In one embodiment, the function of application 510 may include the rendering of user-interface or graphical elements. In this embodiment, simplifying rendering of a user-interface element may include decreasing a size of the user-interface element, reducing an amount of detail presented in the user-interface element, and/or deferring rendering of the user-interface element. For example, animated elements may be reduced to static images or animated with lower frame rates. In some embodiments, graphical elements or details may be partially loaded and displayed, rather than the full details as a standard. Additionally, a user interface of application 510 may also be simplified by eliminating graphical elements that are less important to user experience.

In some embodiments, graphical elements may be determined to be less important to user experience based on the functions of application 510. For example, elements that enable user 520 to browse a selection of videos, such as titles of movies or box art images, may be determined to be important, while elements that provide in-depth details, such as synopses or cast lists, may be determined to be less important to the function of browsing. In these embodiments, alternative user-interface mode 514 may not include rendering of these less important elements or may decrease the size or detail of the elements for faster rendering. In other embodiments, elements may be ranked by importance and rendered in order of ranking, based on available resources. For example, selection module 506 may select alternative user-interface mode 514, which may include the highest ranked elements, based on current resources and/or capabilities of electronic device 500. For devices with different resources and/or capabilities, different elements may be included in or stripped out of alternative user-interface mode 514 based on the preferred functions of application 510 and/or based on the resources or capabilities of the device.
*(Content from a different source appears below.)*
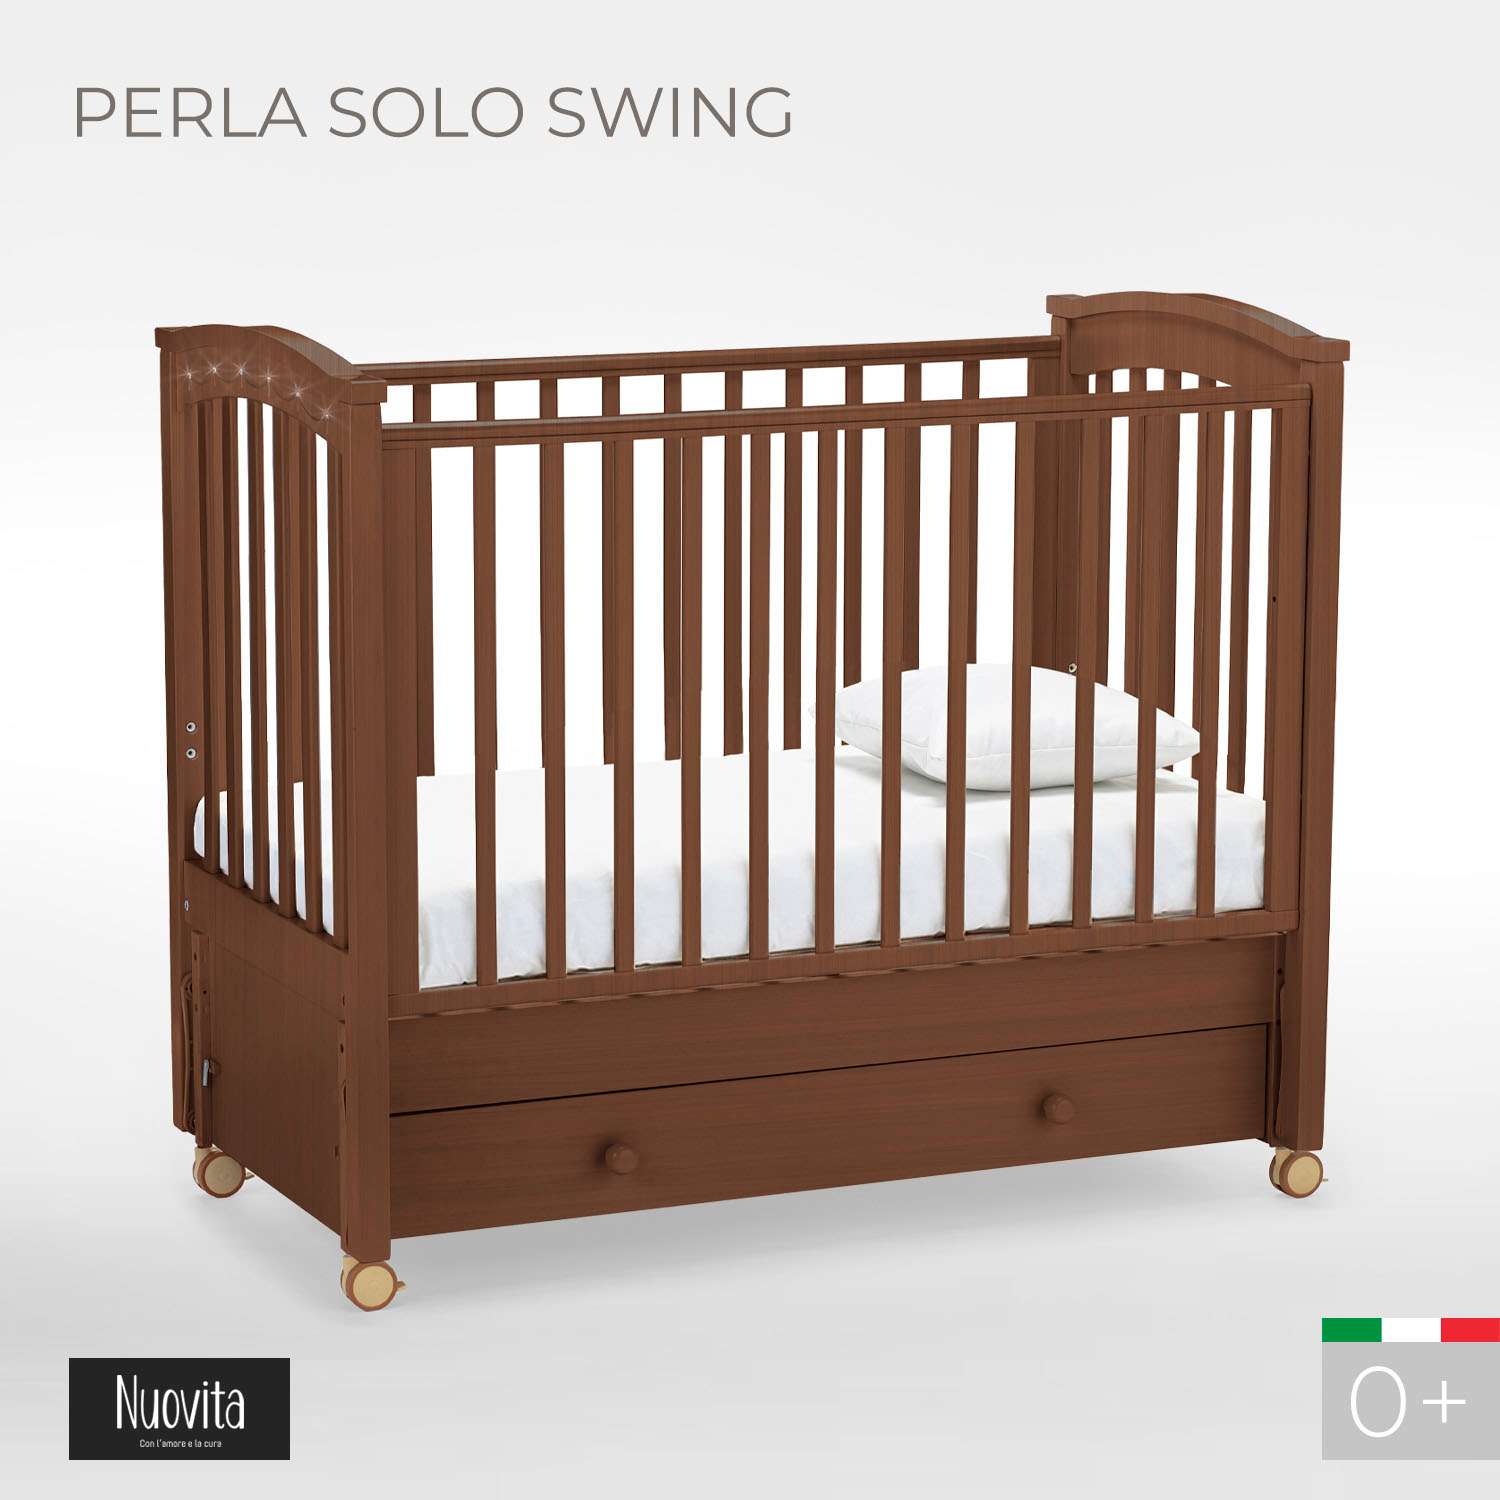 Детская кроватка Nuovita Perla Solo Swing прямоугольная, продольный маятник (темный орех) - фото 2

For example, FIG. 8 illustrates a function 800, which may represent user interface rendering, of application 510. In this example, alternative user-interface mode 514 may include a user-interface element 802(1) that is rendered with a smaller size and resolution in comparison to a user-interface element 802(2) in standard user-interface mode 702. Additionally, alternative user-interface mode 514 may display fewer details about a video, such as by eliminating a non-essential component 804 of standard user-interface mode 702. In this example, non-essential component 804 may be deemed less important for user 520 to use in selecting a video in comparison to user-interface element 802(1). Thus, user 520 may continue to be able to find the relevant video with a simpler user interface with reduced features.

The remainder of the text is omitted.